* [Task to complete] Exact copy, no pictures: return only the lines below from the line with "Umsetzungskonzept Thayaland" up to and including the line with "Punk Rock Jesus #4 preview images".

* [Records provided]
=-=-=

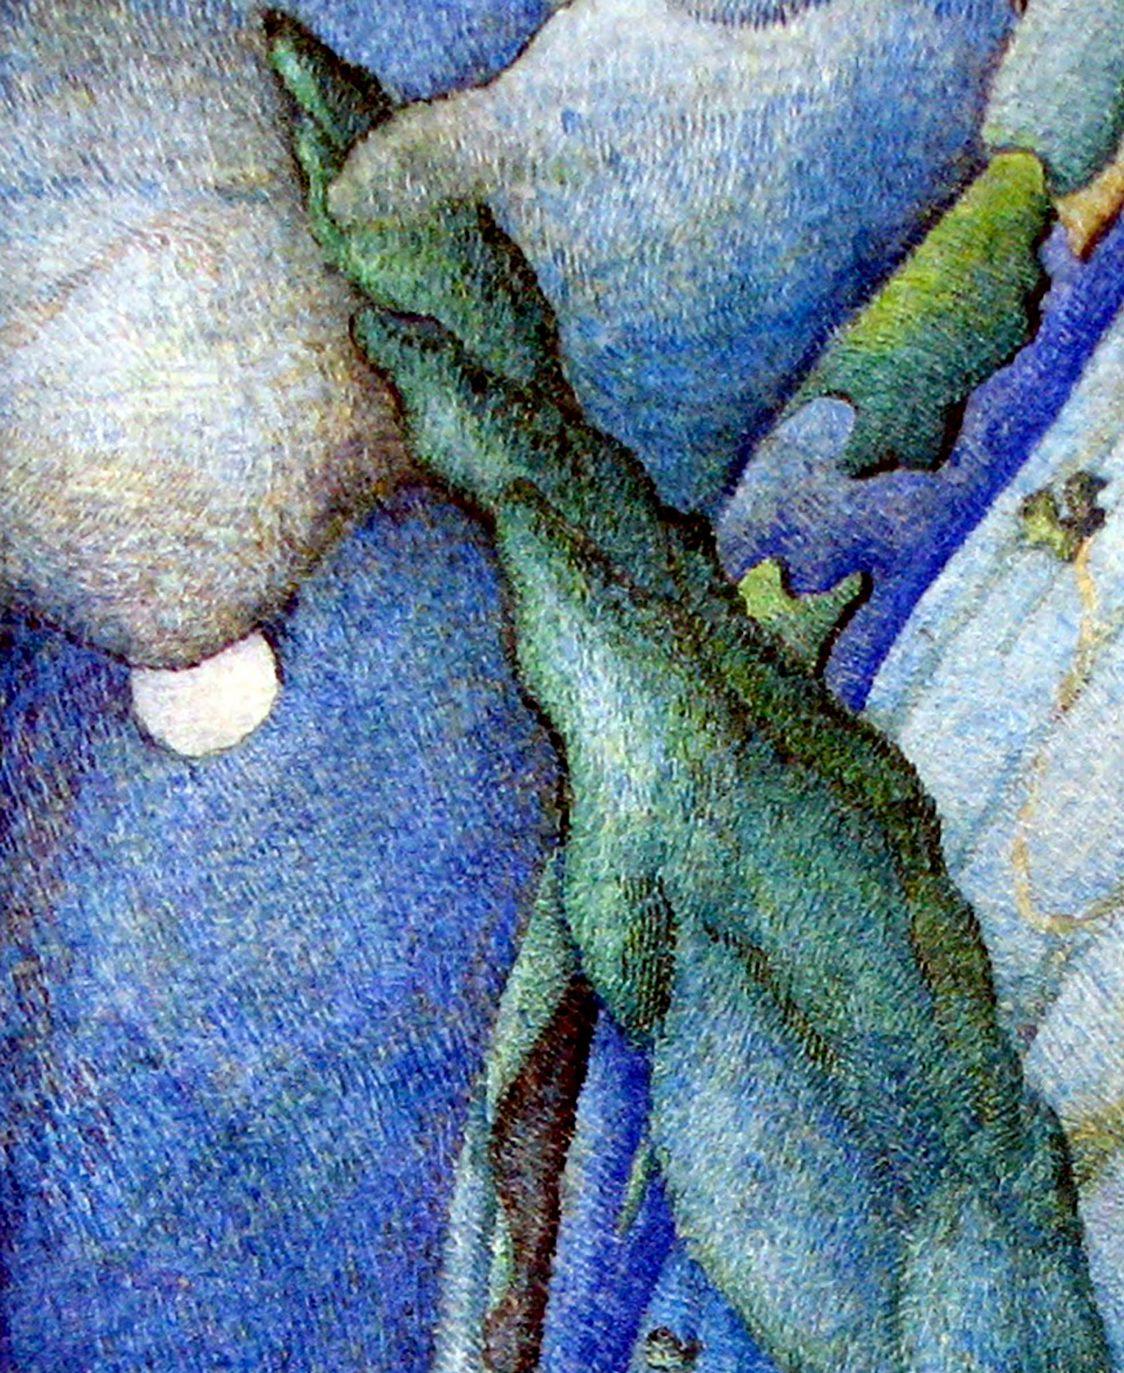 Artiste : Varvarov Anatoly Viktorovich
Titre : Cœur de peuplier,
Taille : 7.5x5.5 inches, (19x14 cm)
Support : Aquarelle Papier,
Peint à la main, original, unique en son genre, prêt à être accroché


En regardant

=-=-=

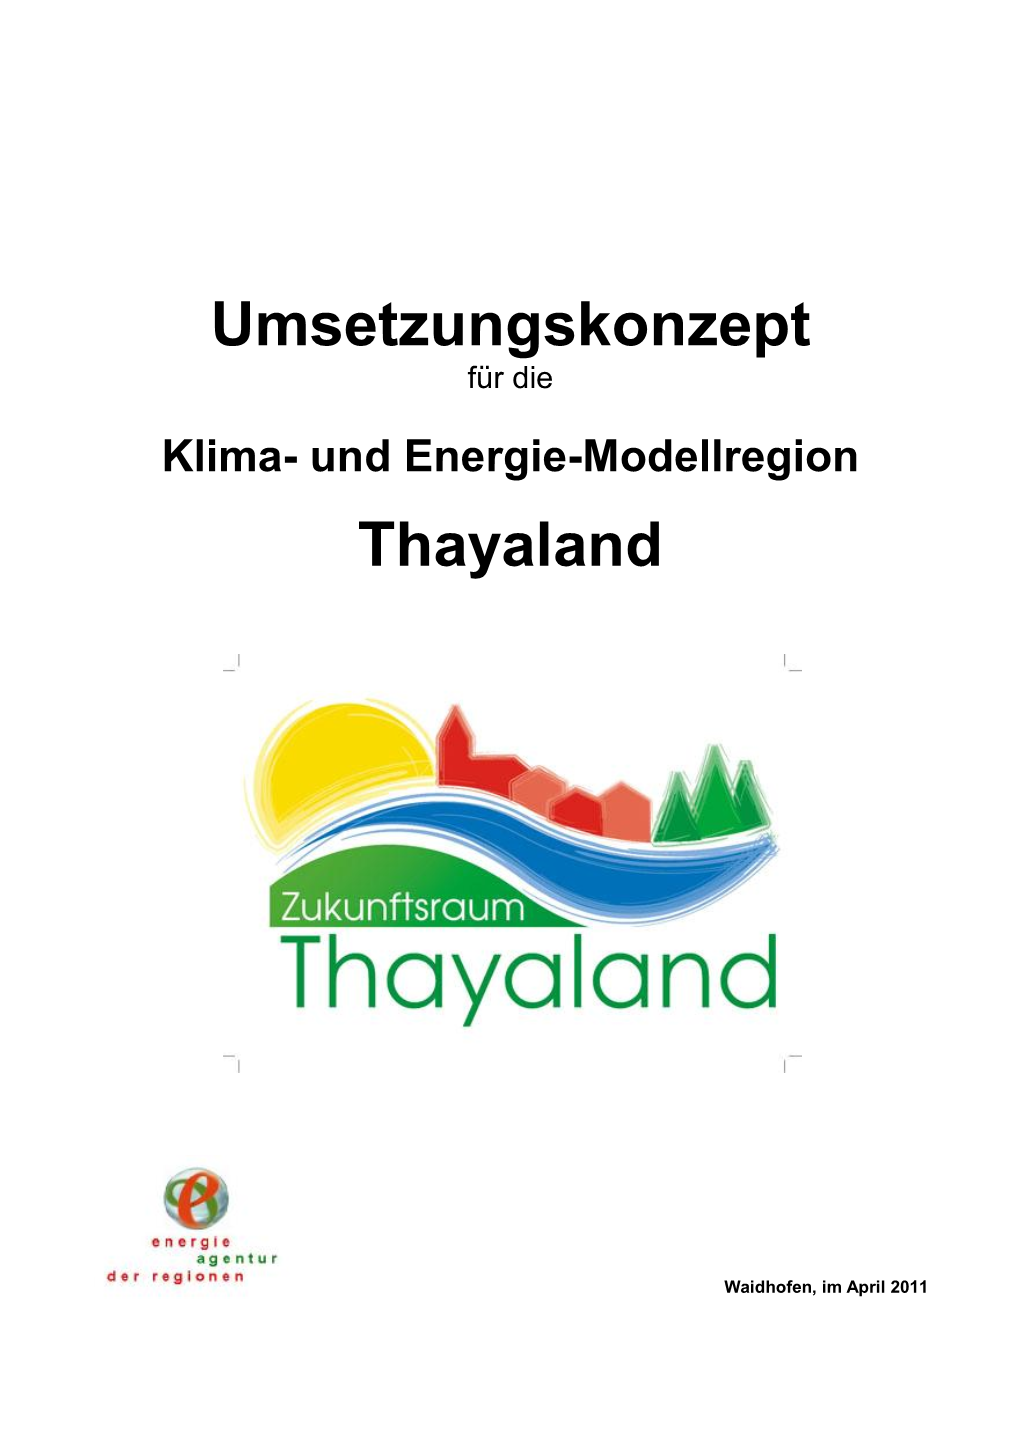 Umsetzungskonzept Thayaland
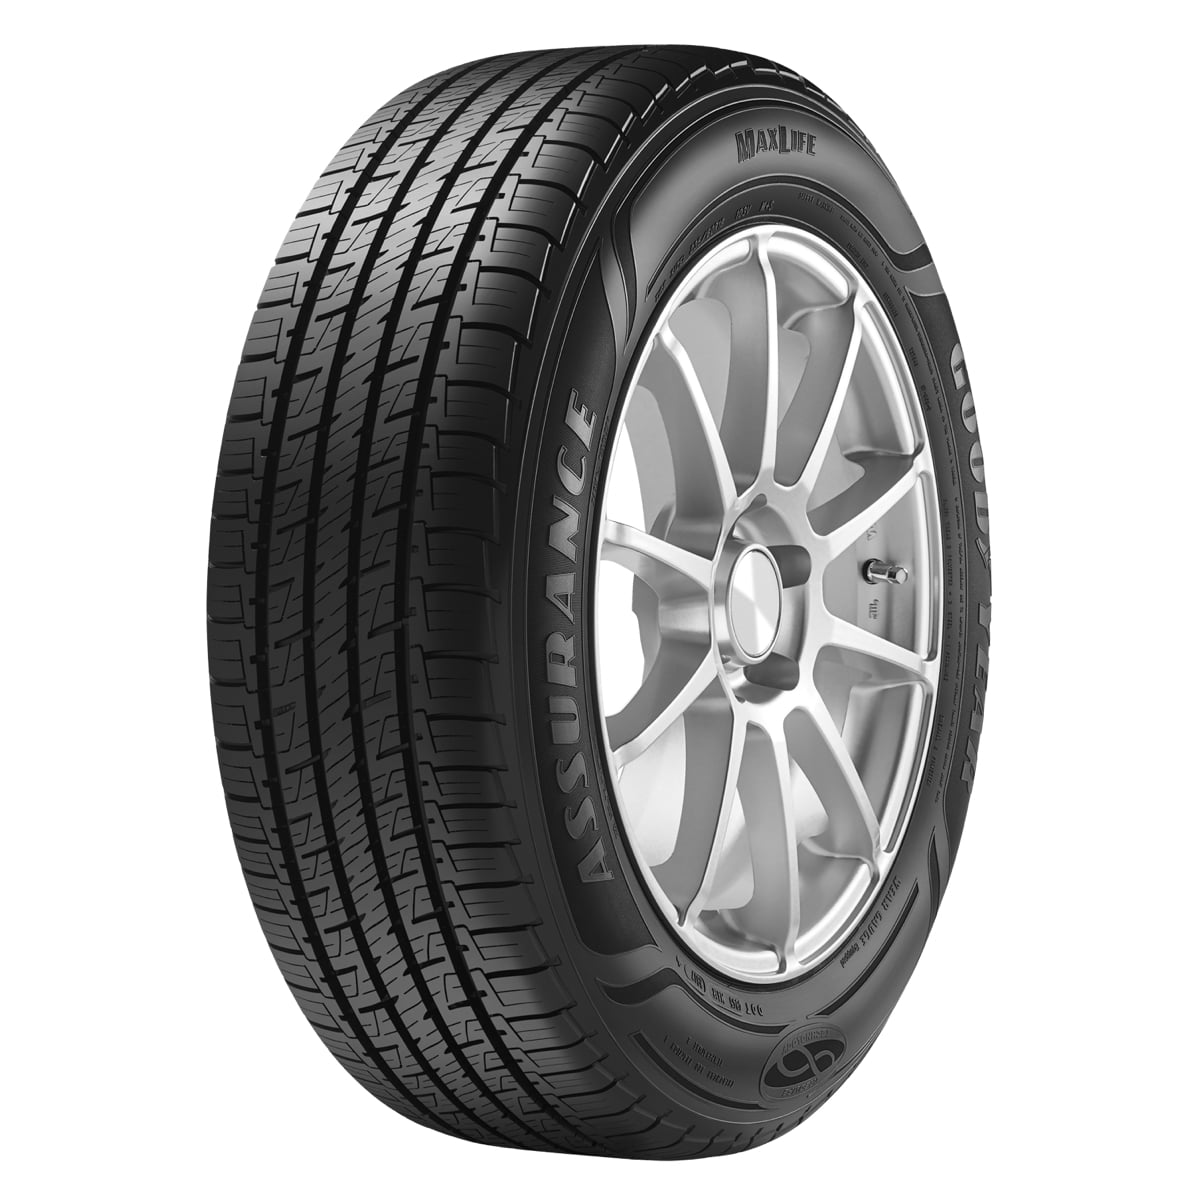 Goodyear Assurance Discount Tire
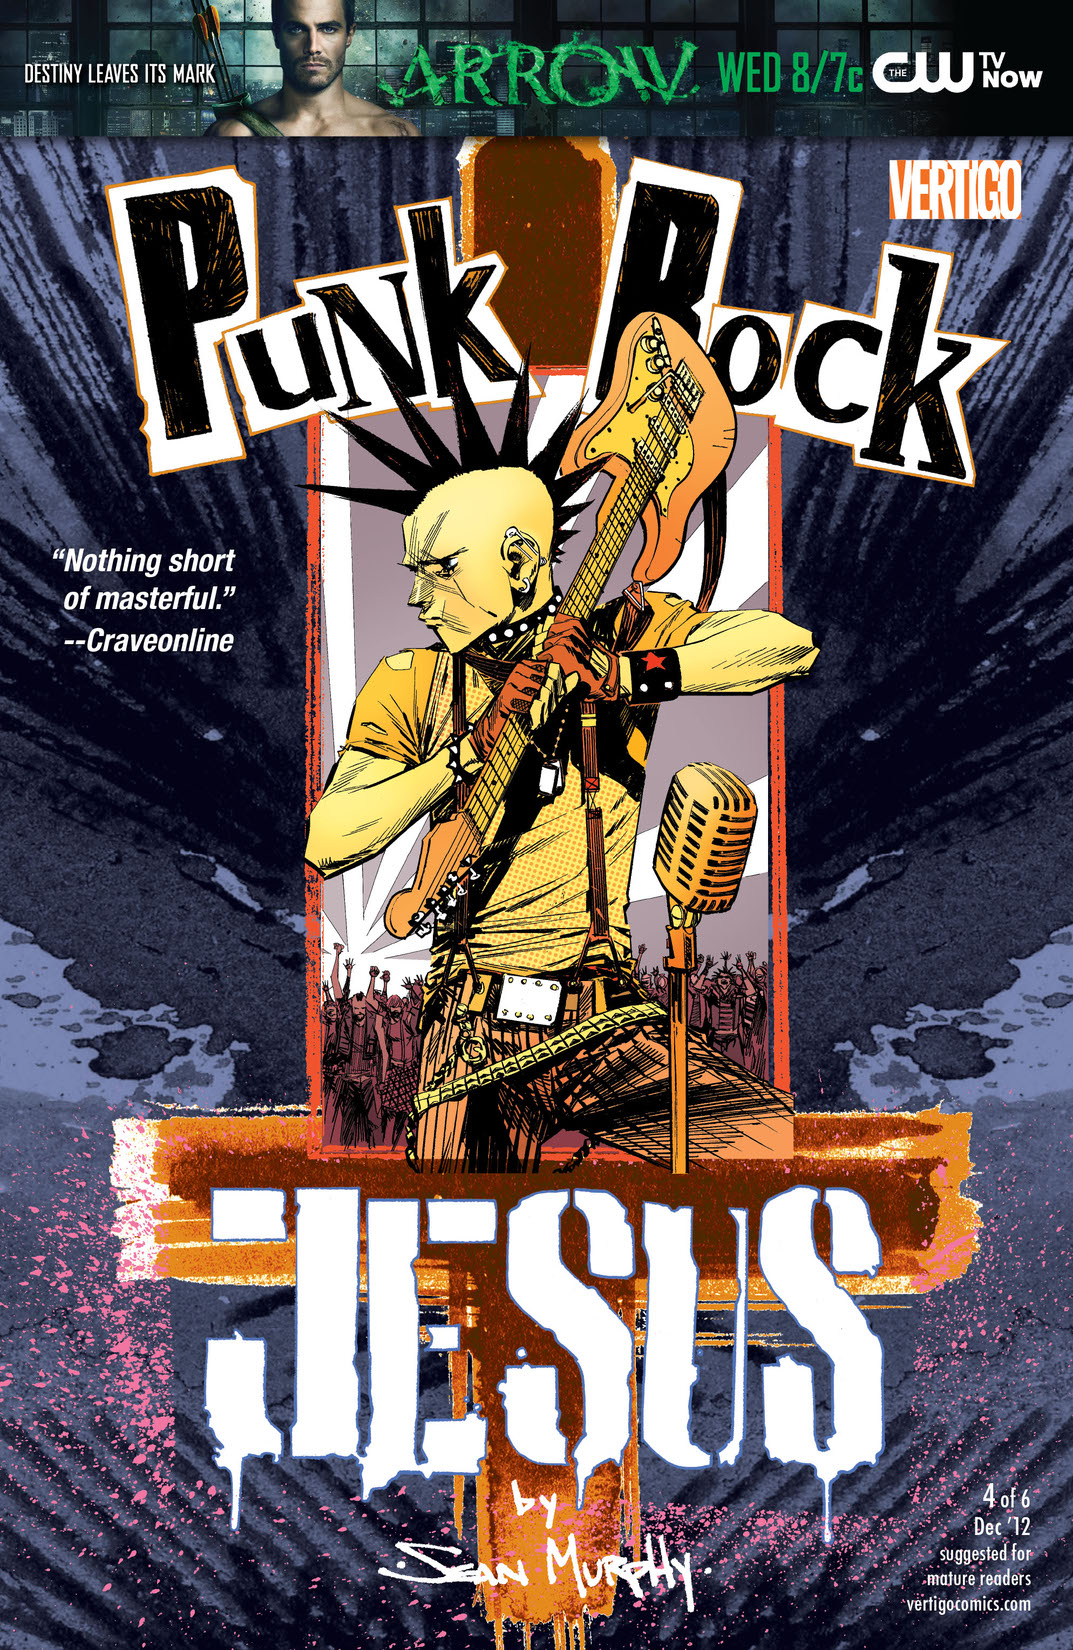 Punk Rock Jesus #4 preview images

=-=-=

* [Problem solution]
 Umsetzungskonzept Thayaland
 Goodyear Assurance Discount Tire
 Punk Rock Jesus #4 preview images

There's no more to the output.